Cell and tissue culture and biotechnological aspects of C. roseus are being extensively investigated to increase the yield of these alkaloids [11, 12]. Yet, comparatively very little work has been done on the effect of heavy metals on the antioxidant enzymes and alkaloids content of this economically important medicinal plant. Therefore, C. roseus has been selected for the present study to know the effect of chromium (Cr) on its antioxidant potential and production of anticancer alkaloids vincristine and vinblastine. Two varieties of this plant, based on the flower colour, namely, pink flowered rosea and white flowered alba, were selected for the present study.
2. Materials and Methods
2.1. Sample Preparation
Seeds of the two varieties of Catharanthus roseus (L.) G. Don., that is, rosea and alba, were collected from the botanical garden of Lucknow. The experiments were conducted at the Department of Botany, Lucknow University. The seeds were surface sterilized in a 0.2% HgCl2 solution for 5 min (with frequent shaking), and then thoroughly washed with tap water. The seeds were presoaked in 500 mL of water and were sown in specially prepared nursery in the field receiving normal daylight, temperature, and humidity. Plants having approximately the same height and weight were carefully uprooted after 45 days of sowing and transferred into the earthen pots (300 mm diameter) filled with a garden soil (5 Kg) mixed with potassium dichromate (K2Cr2O7) in the concentration of 10, 50, and 100 μM. Three replicates for each concentration were made. The five seedlings approximately of 4 cm height and 1 g fresh weight (FW) were planted in each pot. The plants were watered daily and grown for 30 days and care was taken to avoid leaching of water from the pots. Plants in the soil without Cr treatment served as control. After harvesting, plants were washed under running tap water to remove the soil from root completely and again washed with glass distilled water. The roots and shoots were separated manually, just above the ground level.

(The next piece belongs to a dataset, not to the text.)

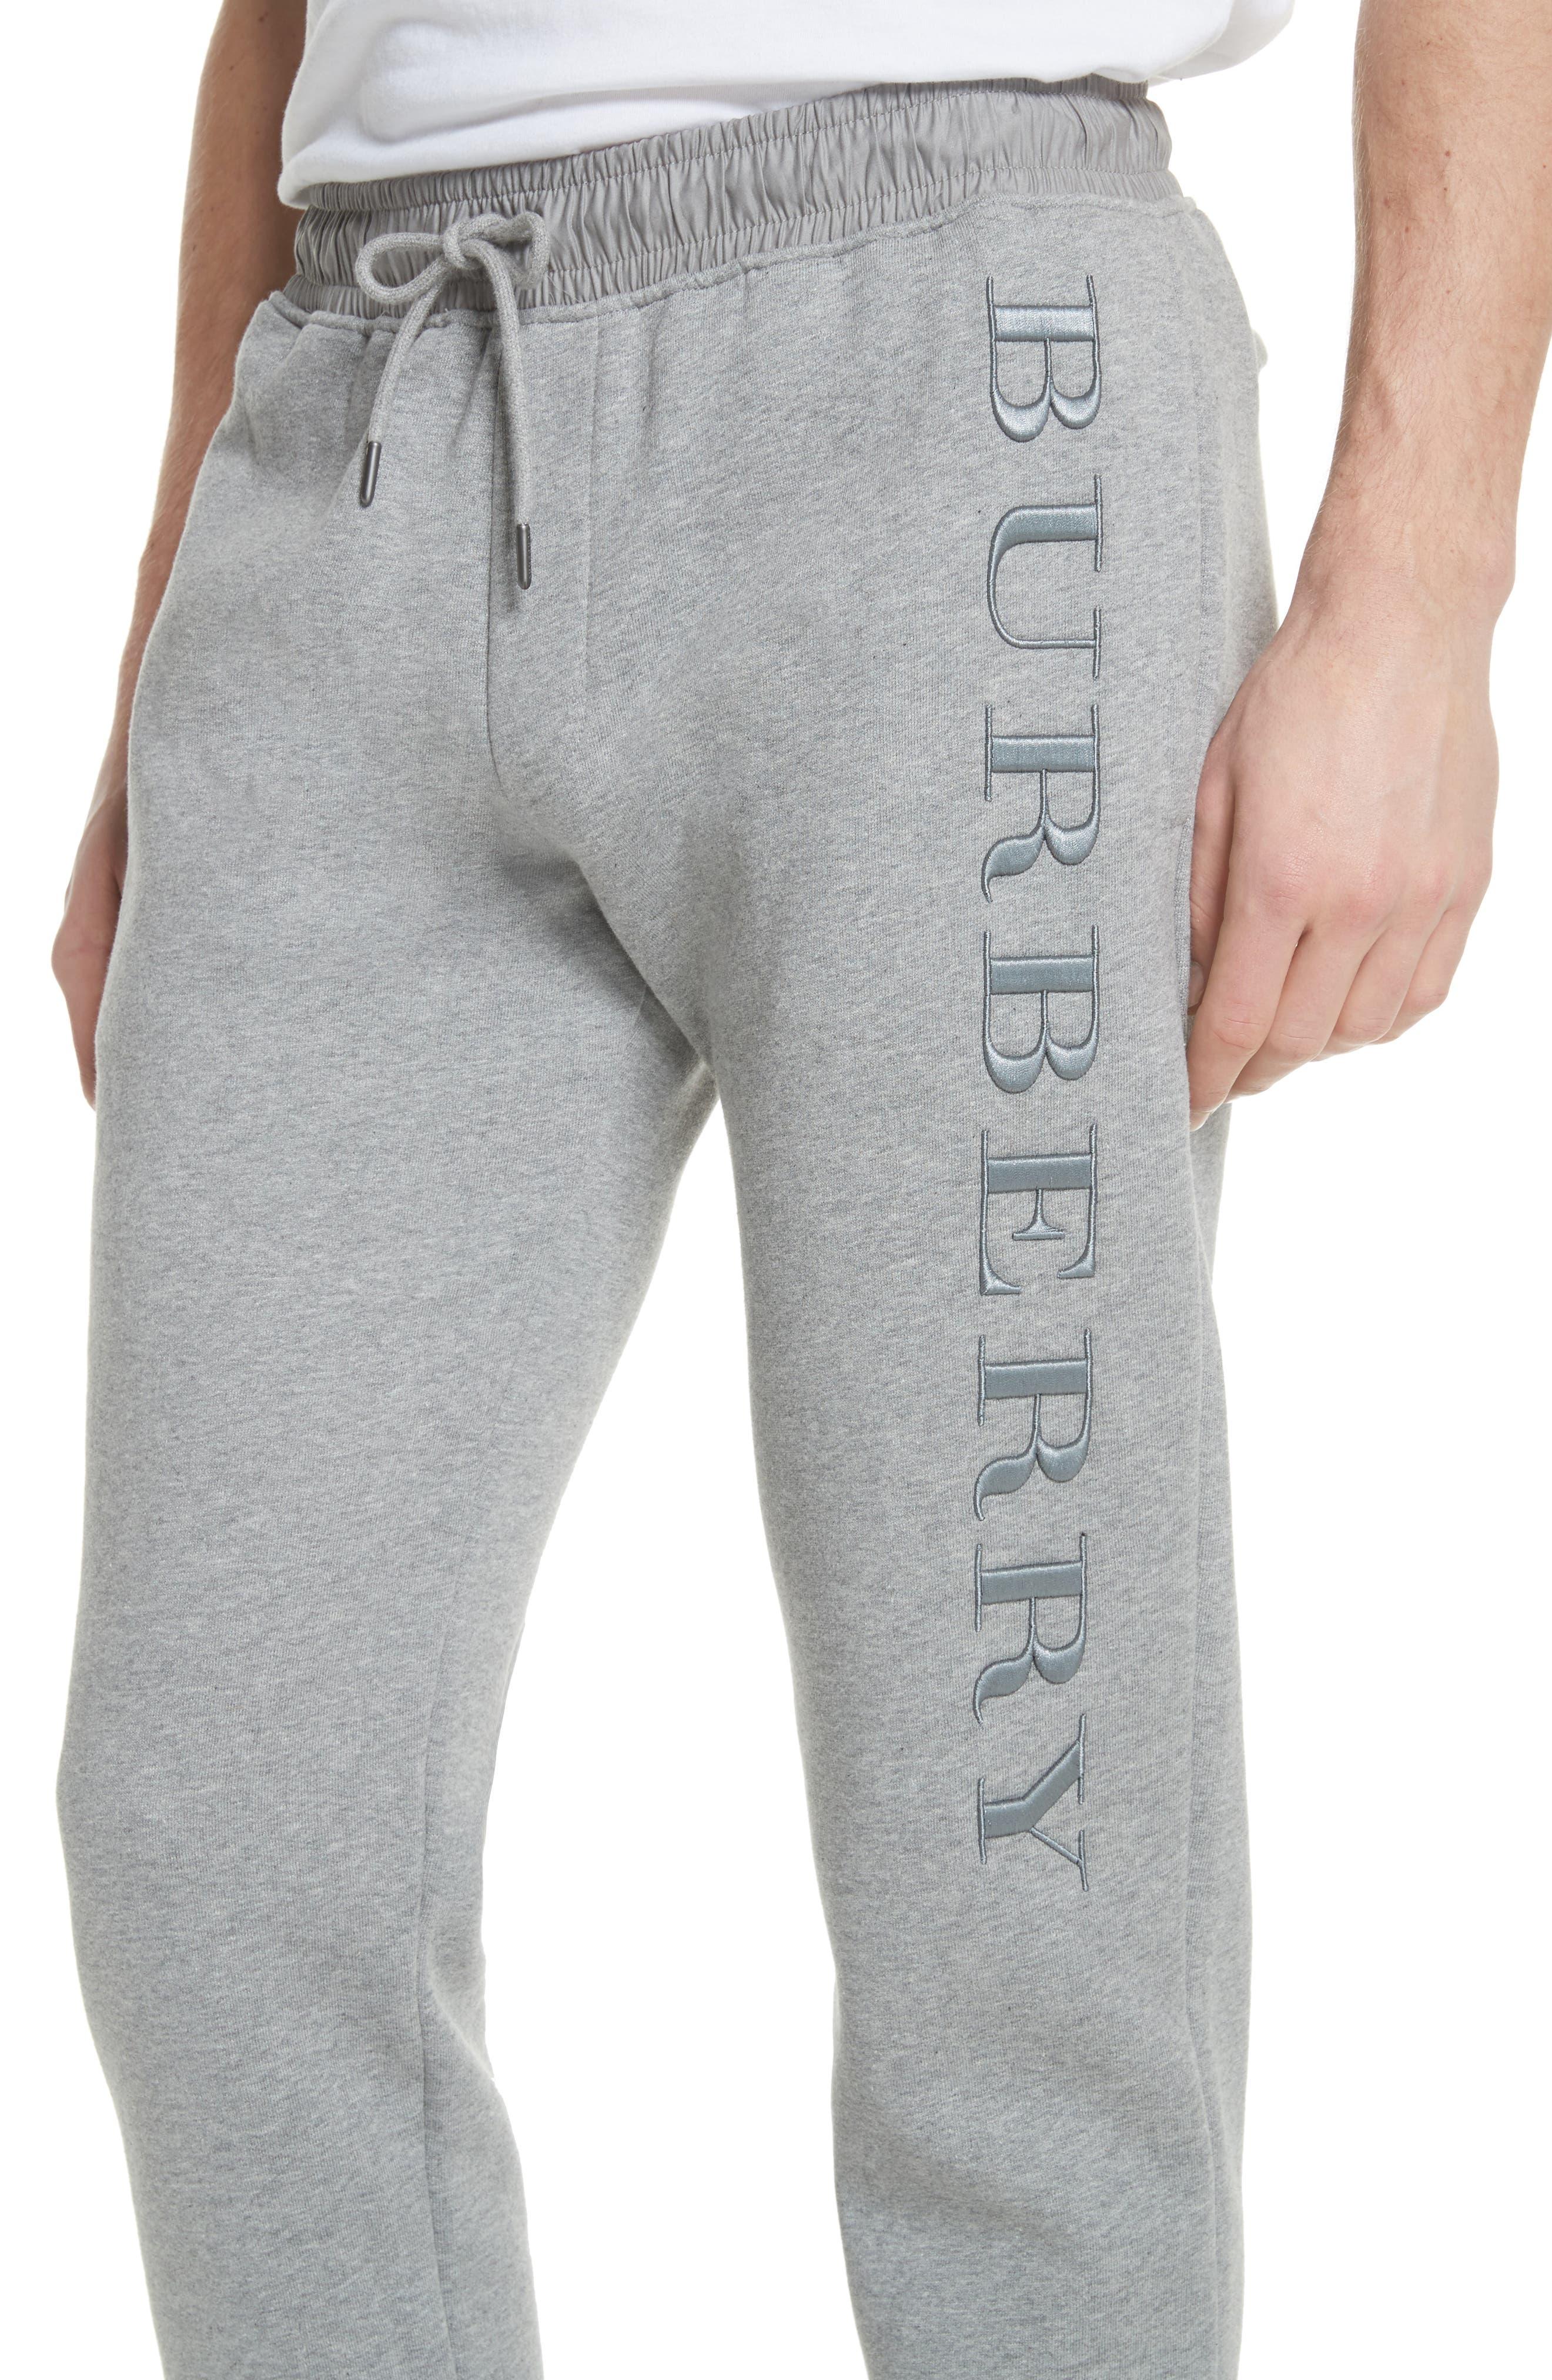 Nickford Lounge Pants,                             Alternate thumbnail 4, color,                             Pale Grey Melange

2.2. Estimation of Chlorophyll
Chlorophyll was estimated by the method of Arnon [13] and absorbance was measured at 663, 645, 510, and 480 nm using Pharmacia Biotec, UV/Vis spectrophotometer.
2.3. Estimation of Protein
Protein was estimated by the methods of Lowry et al. [14]. 100 mg plant material was homogenized with 3 mL of 10% trichloroacetic acid. The homogenate was centrifuged at 10,000 rpm and supernatant was discarded. The pellets obtained after centrifugation were treated with 3 mL 1 N NaOH, heated on water bath for 7 minutes and cooled down to room temperature. Again, the solution was centrifuged for five to ten minutes at 5000 rpm. Five mL reagent containing 100 parts of 2% solution of sodium carbonate and one part of 2% solution of sodium potassium tartrate was added to 0.5 mL of supernatant thus obtained after centrifugation and allowed it to stand for ten to fifteen minutes. Then 5 mL Folin and Ciocalteu's Phenol reagent (diluted with distilled water in ratio of 1 : 1) was added and allowed to stand for half an hour for development of colour, and then finally absorbance was measured at 700 nm.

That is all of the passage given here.